» **Raw data**:

━━━━━━━━━━

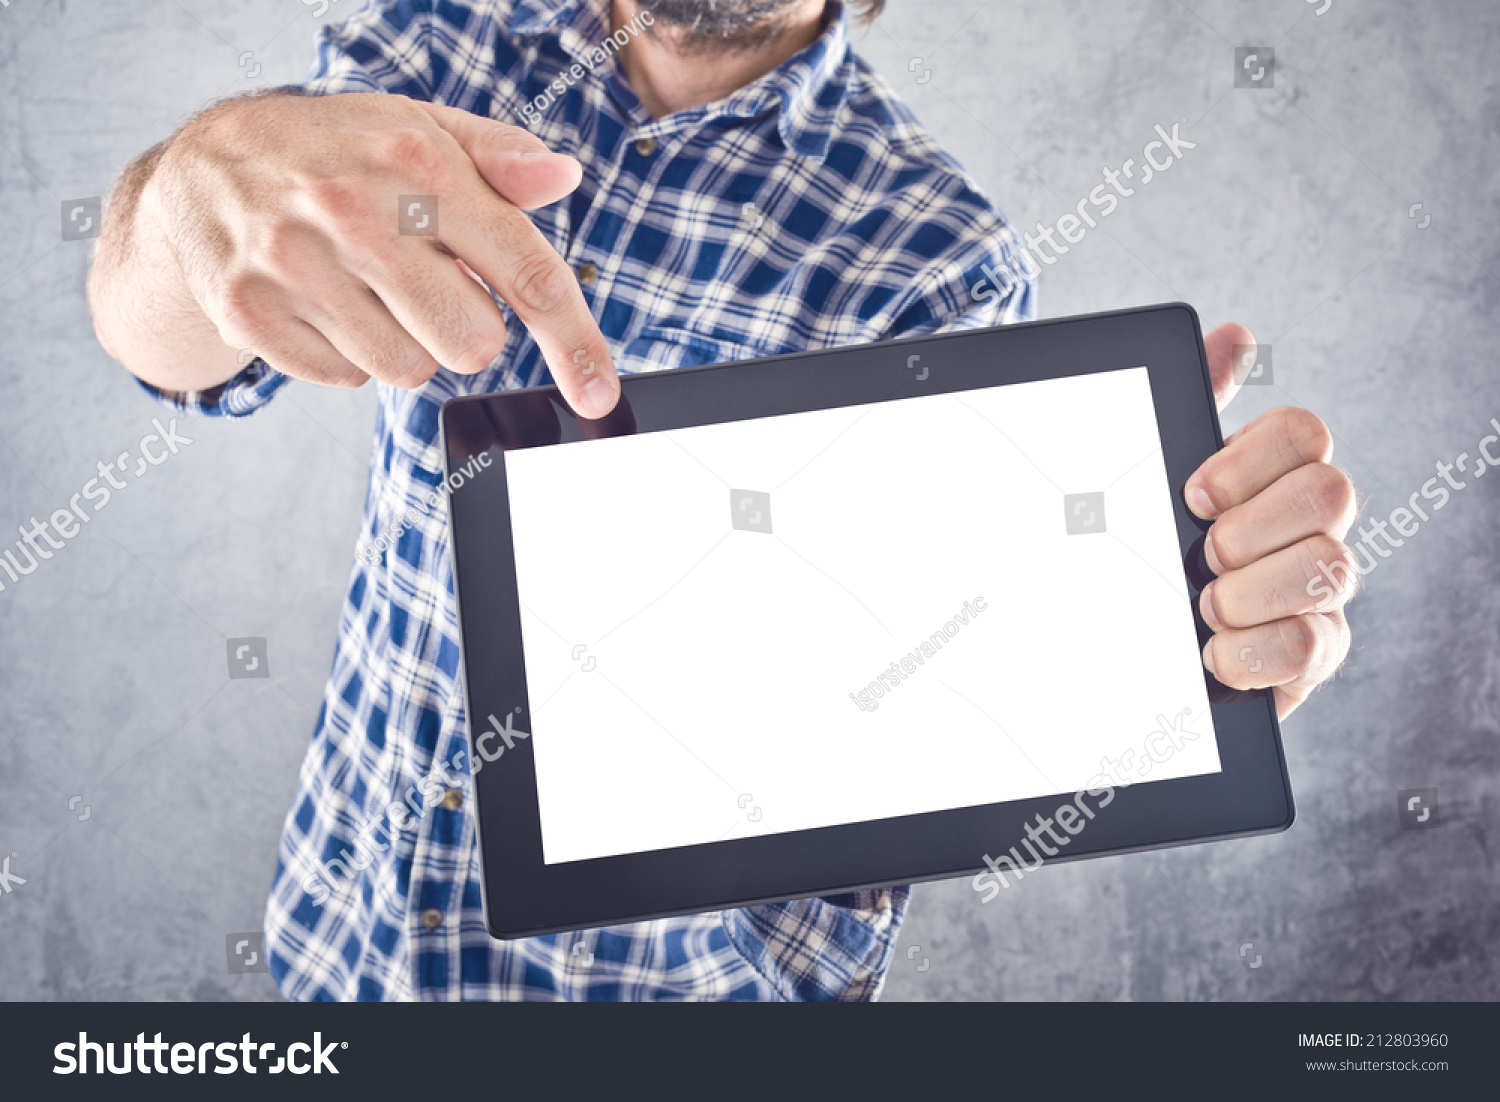 Casual man pointing to 10 inch display of digital tablet computer as copy space for your message or design. #212803960
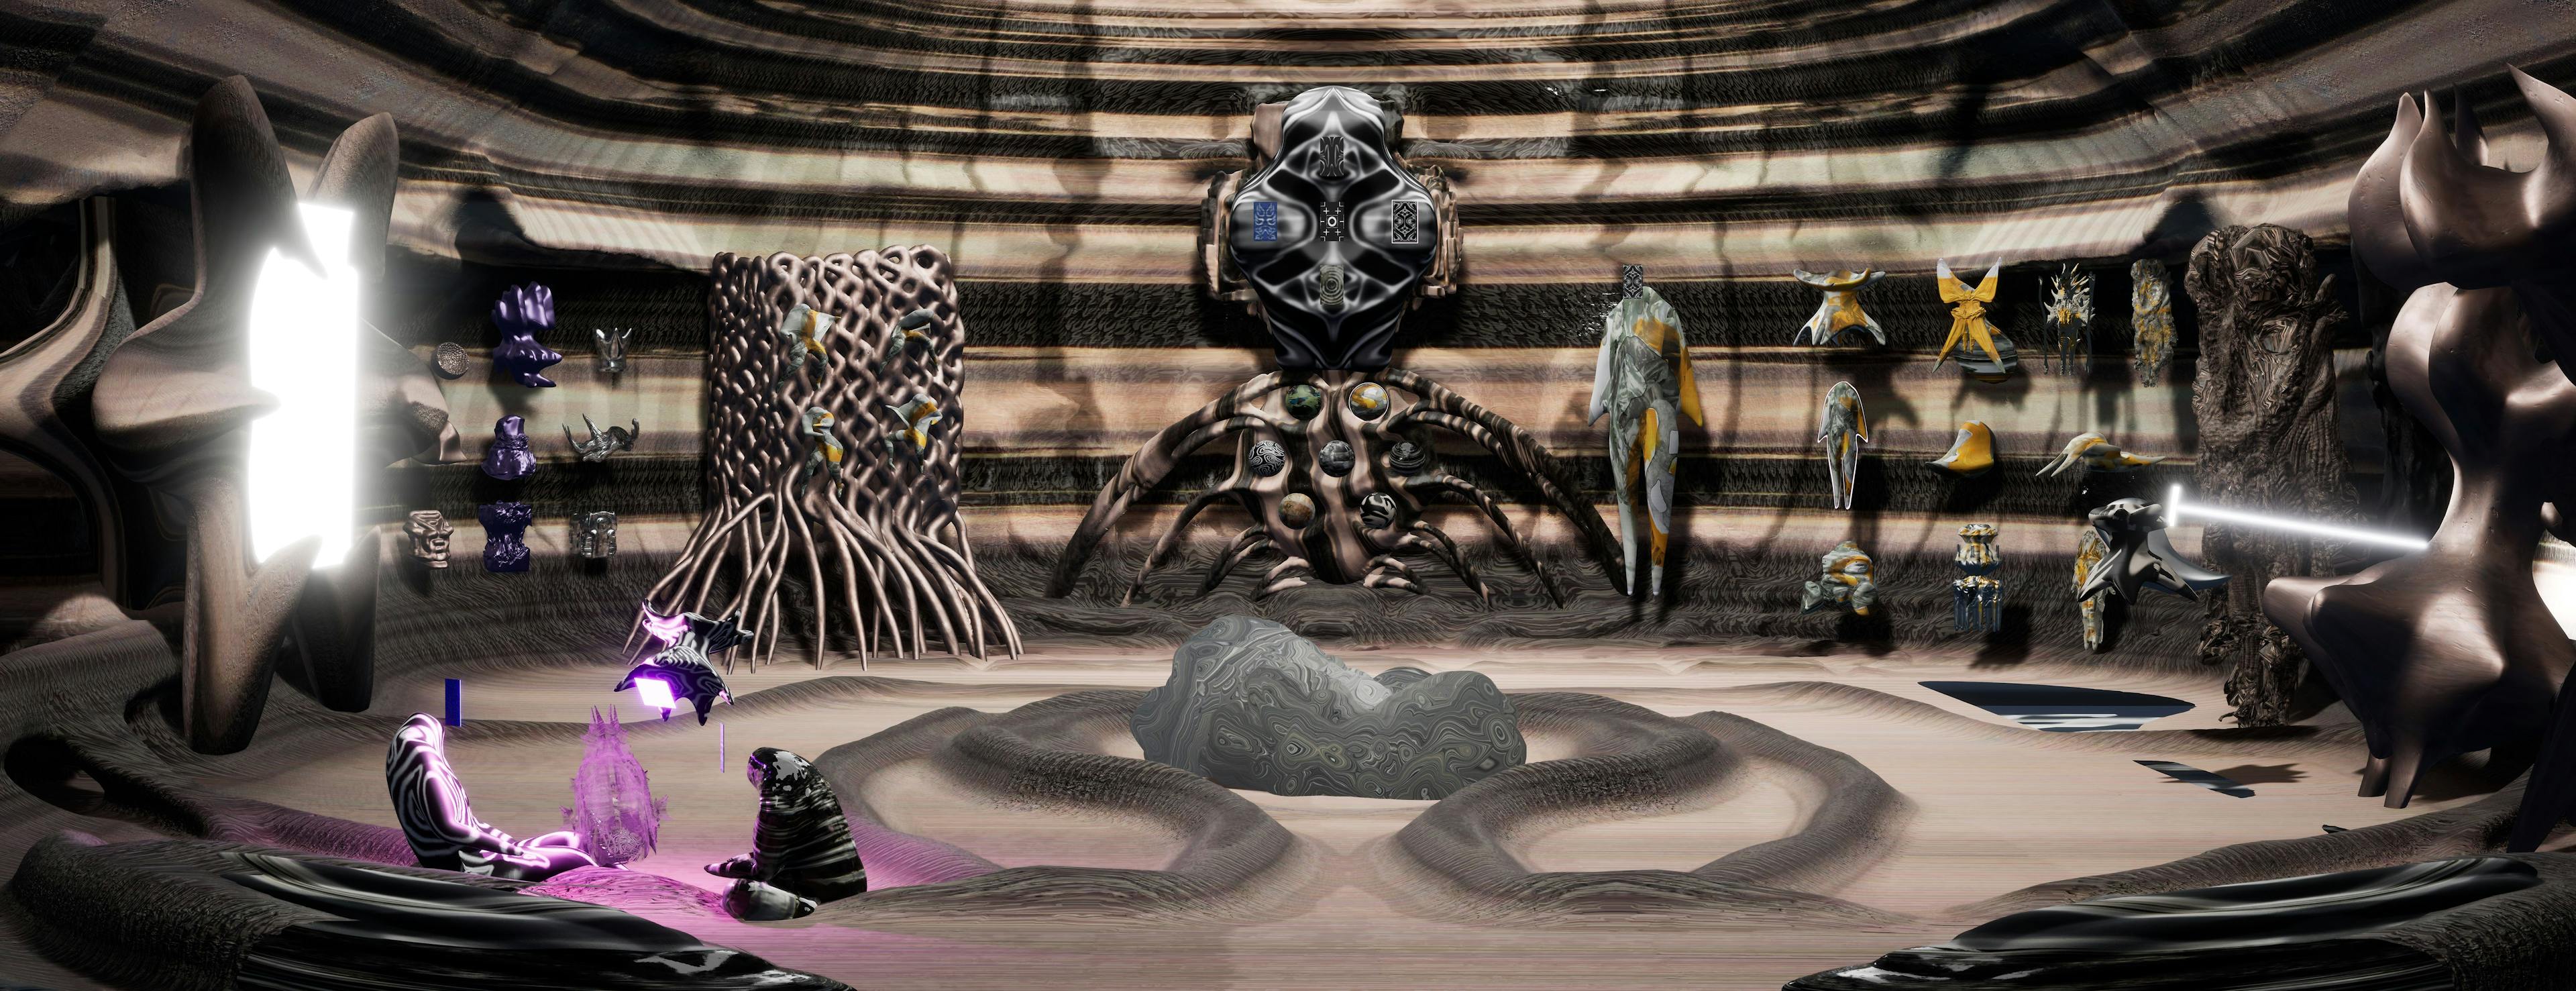 A digital rendering of a rounded interior space with an undulating floor with various garments, tools, and large, otherworldly architectural forms lining the perimeter.
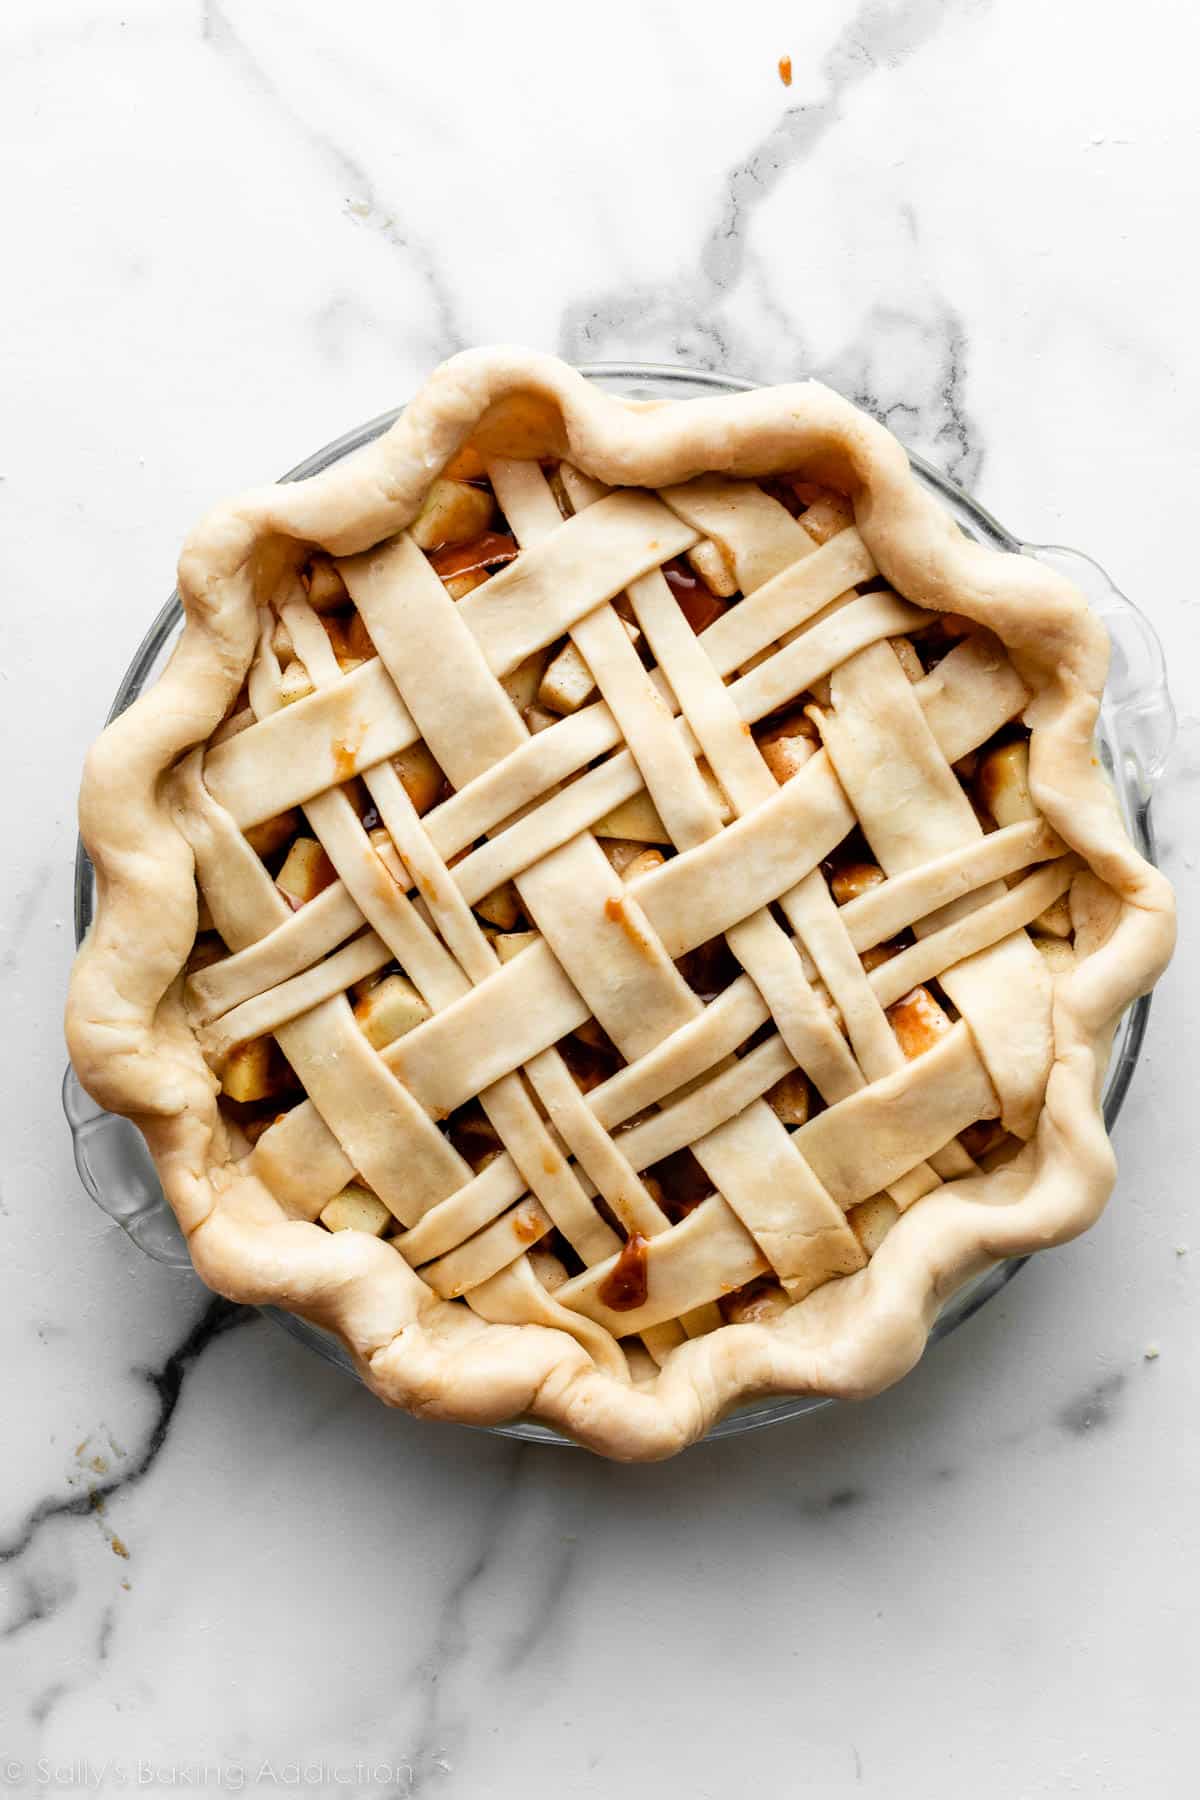 unbaked pie with fluted edge and thick and thin lattice design.

━━━━━━━━━━

» **What you are asked to do**: Restate the listing word for word and drop the pictures.

» **Exercise answer**:
 Casual man pointing to 10 inch display of digital tablet computer as copy space for your message or design. #212803960
 A digital rendering of a rounded interior space with an undulating floor with various garments, tools, and large, otherworldly architectural forms lining the perimeter.
 unbaked pie with fluted edge and thick and thin lattice design.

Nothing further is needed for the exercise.